# WHAT IS BEING ASKED
Your copy of the listing should be exact and should contain no pictures.

# PROVIDED MATERIAL

§

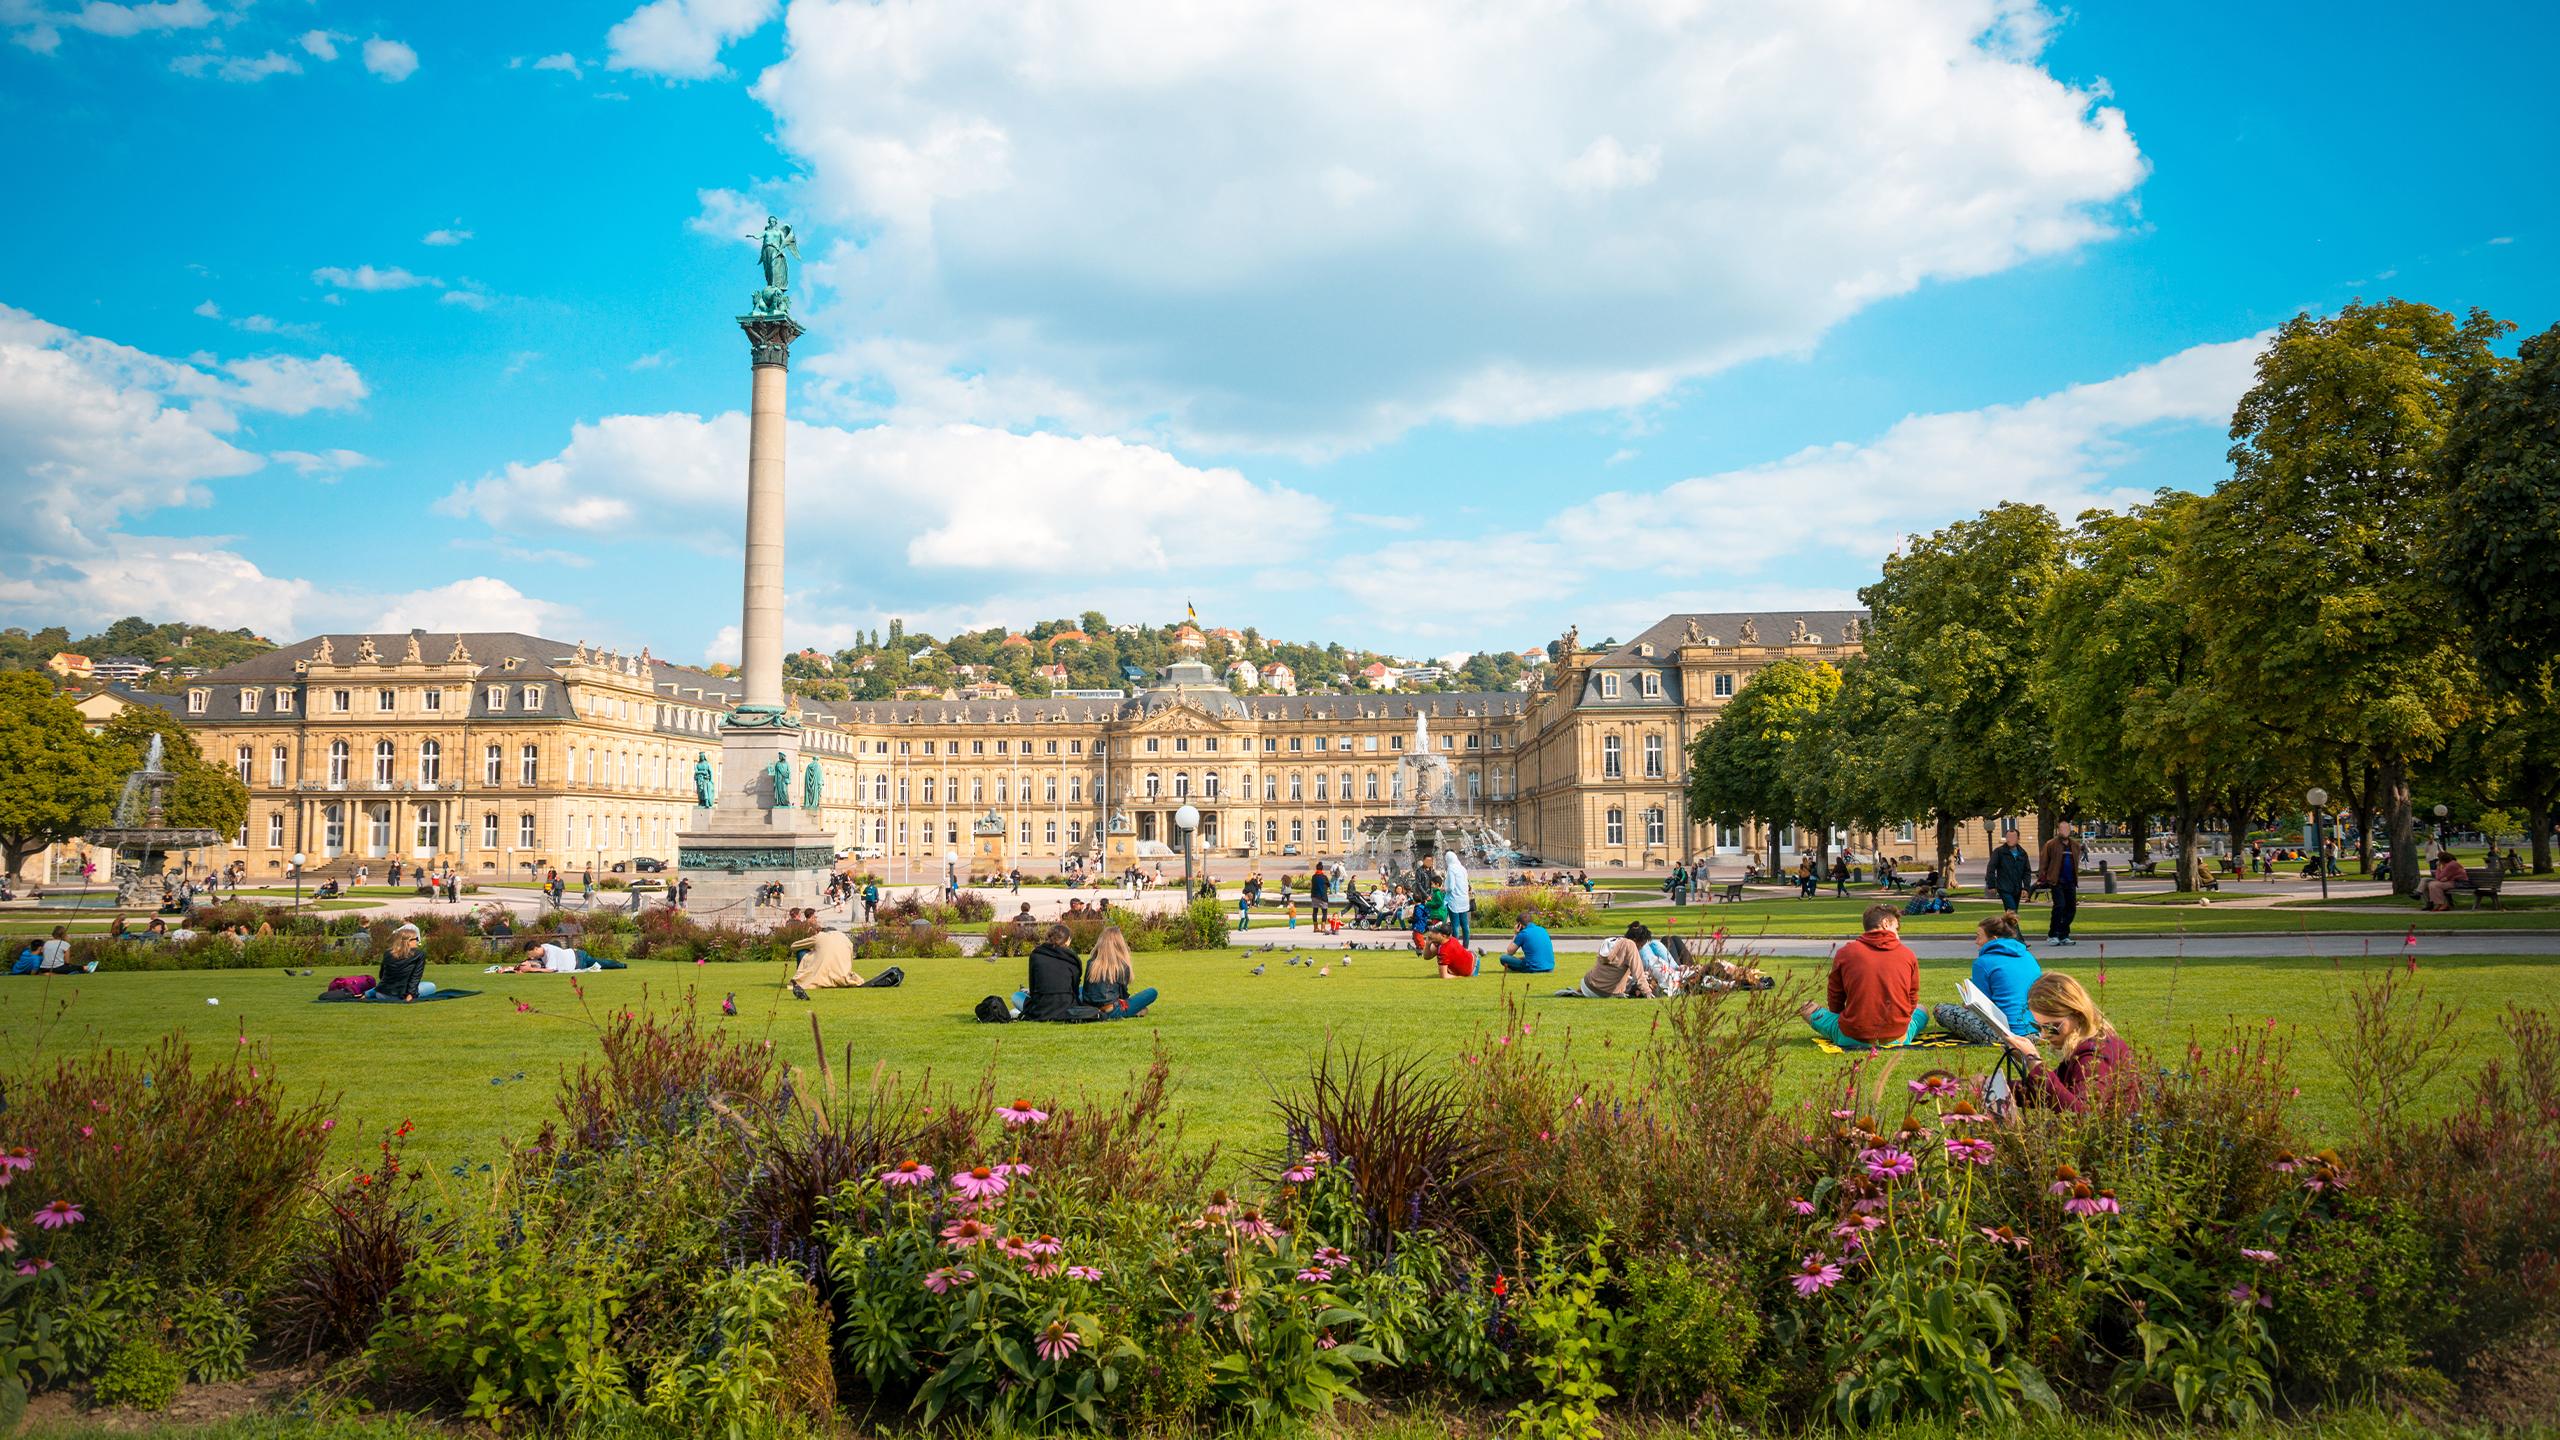 Stuttgart Schlossplatz an einem schönen Herbsttag - ein beliebter Treffpunkt
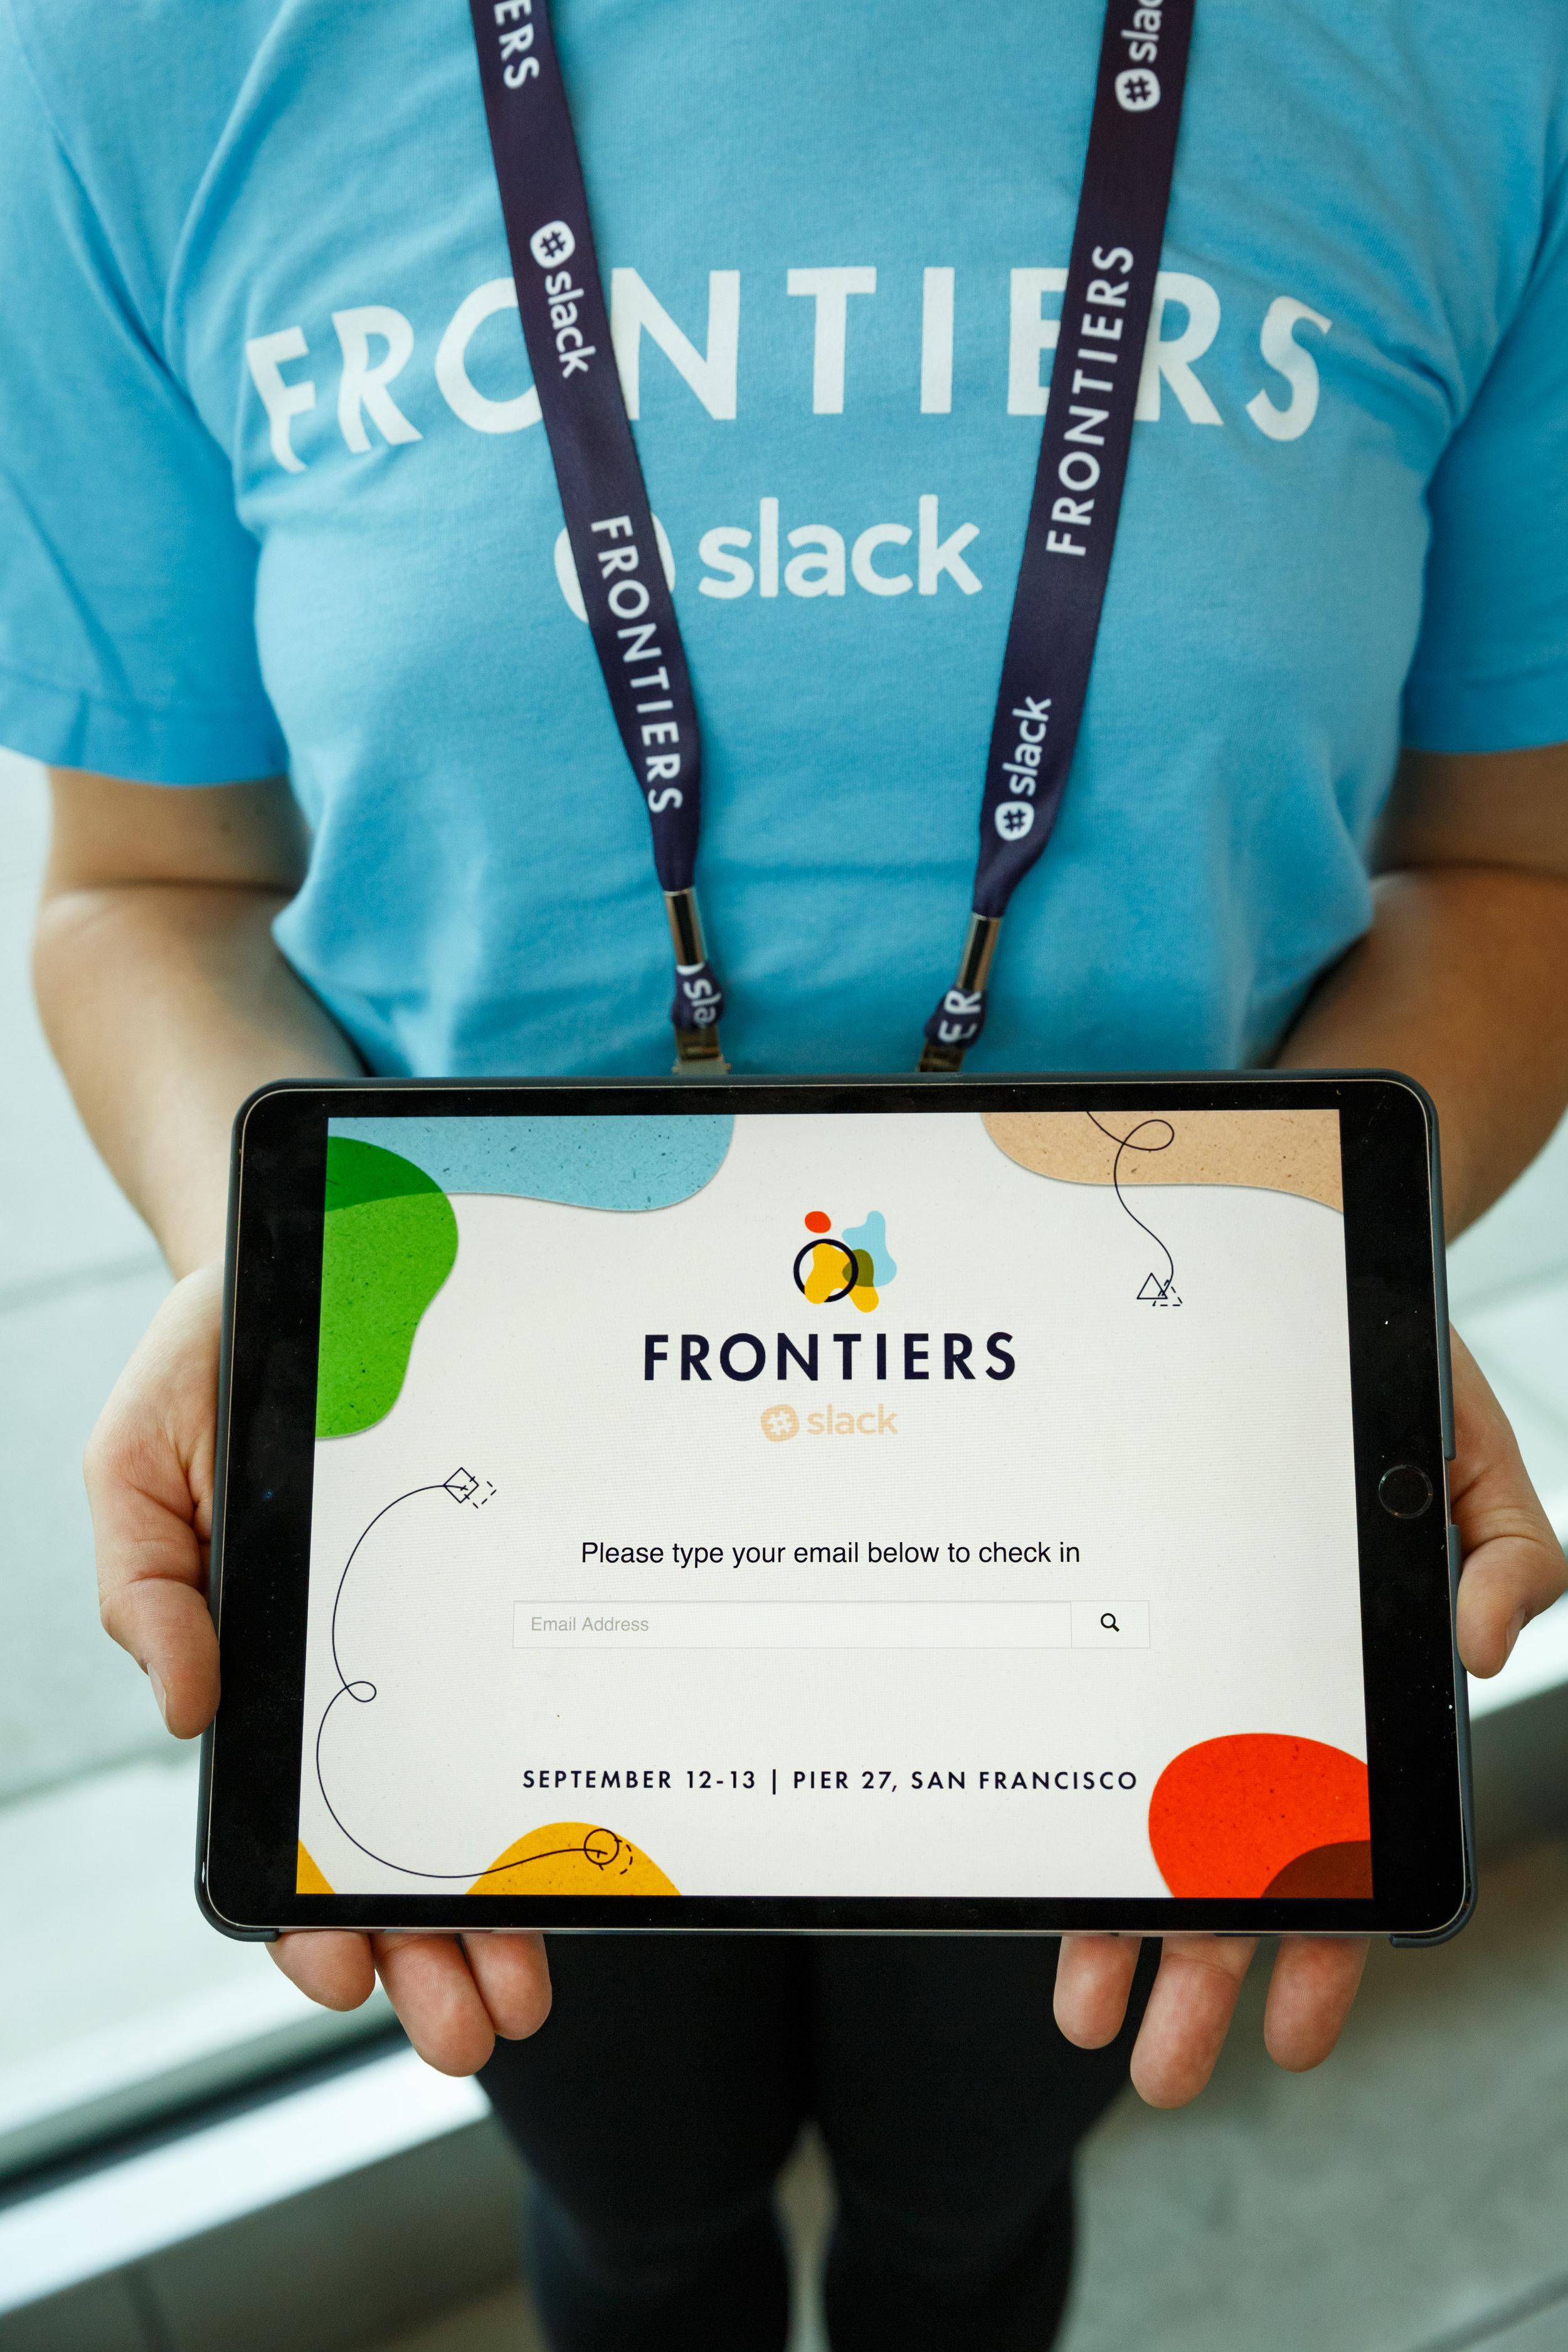 frontiers-registration-screen.jpg
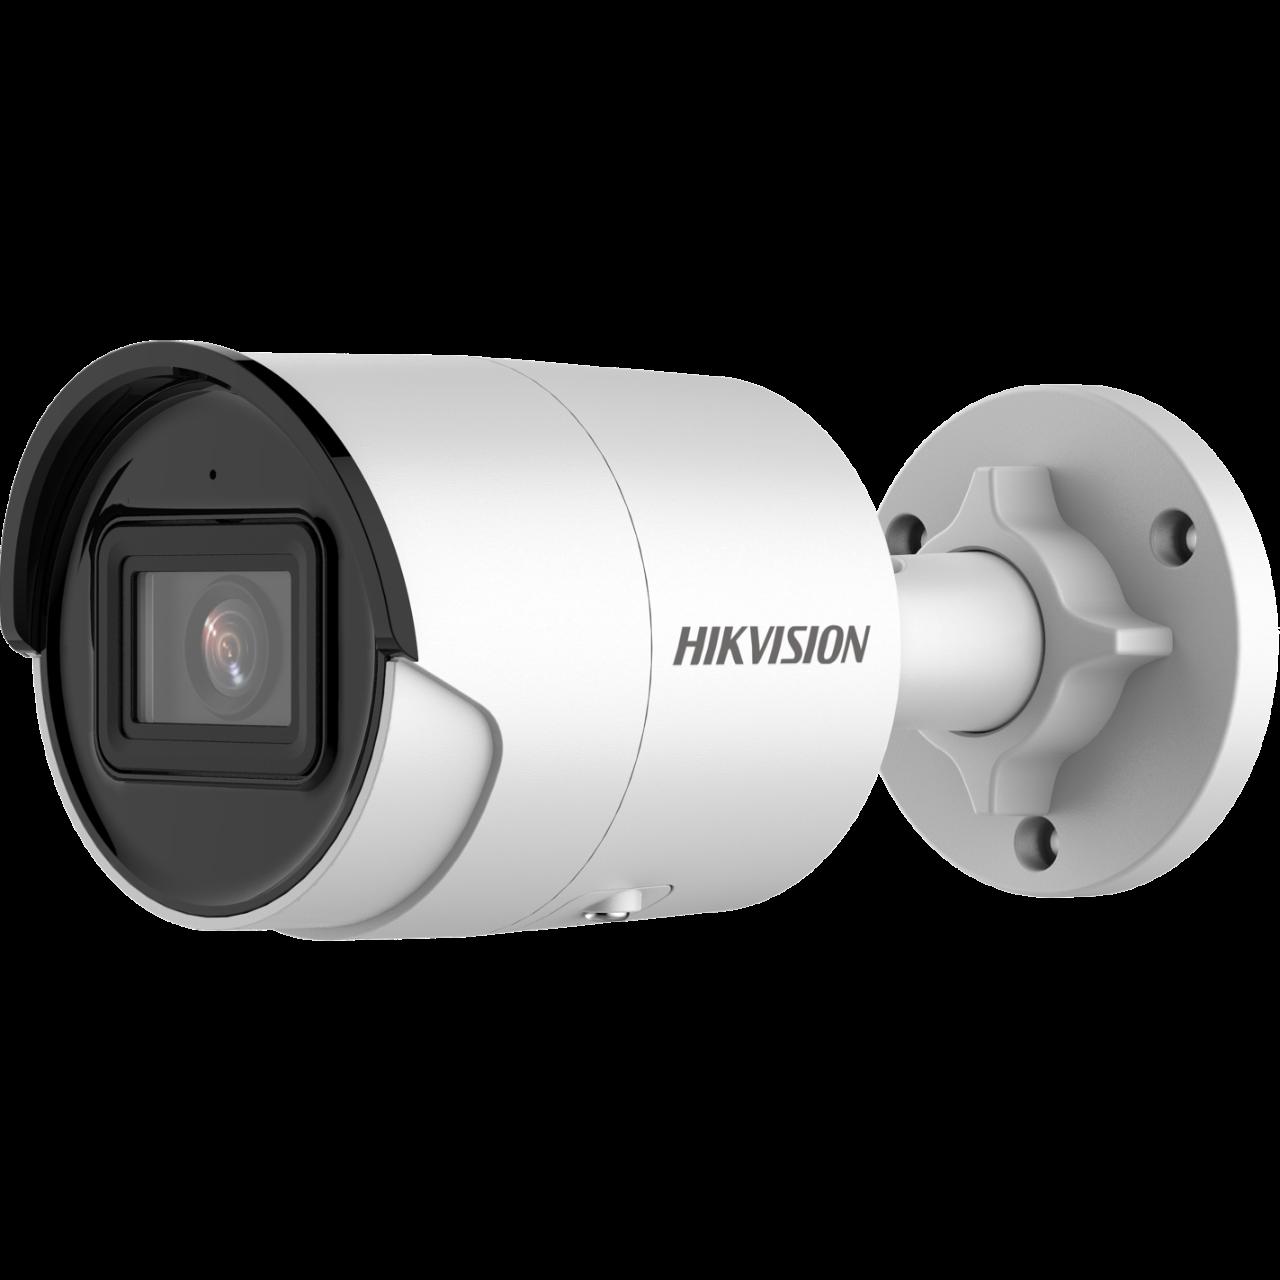 Εικόνα της DS-2CD2026G2-I  2MP AcuSense Fixed Mini Bullet IP 2.8mm Camera Hikvision

§

# PROBLEM SOLUTION
 Stuttgart Schlossplatz an einem schönen Herbsttag - ein beliebter Treffpunkt
 frontiers-registration-screen.jpg
 Εικόνα της DS-2CD2026G2-I  2MP AcuSense Fixed Mini Bullet IP 2.8mm Camera Hikvision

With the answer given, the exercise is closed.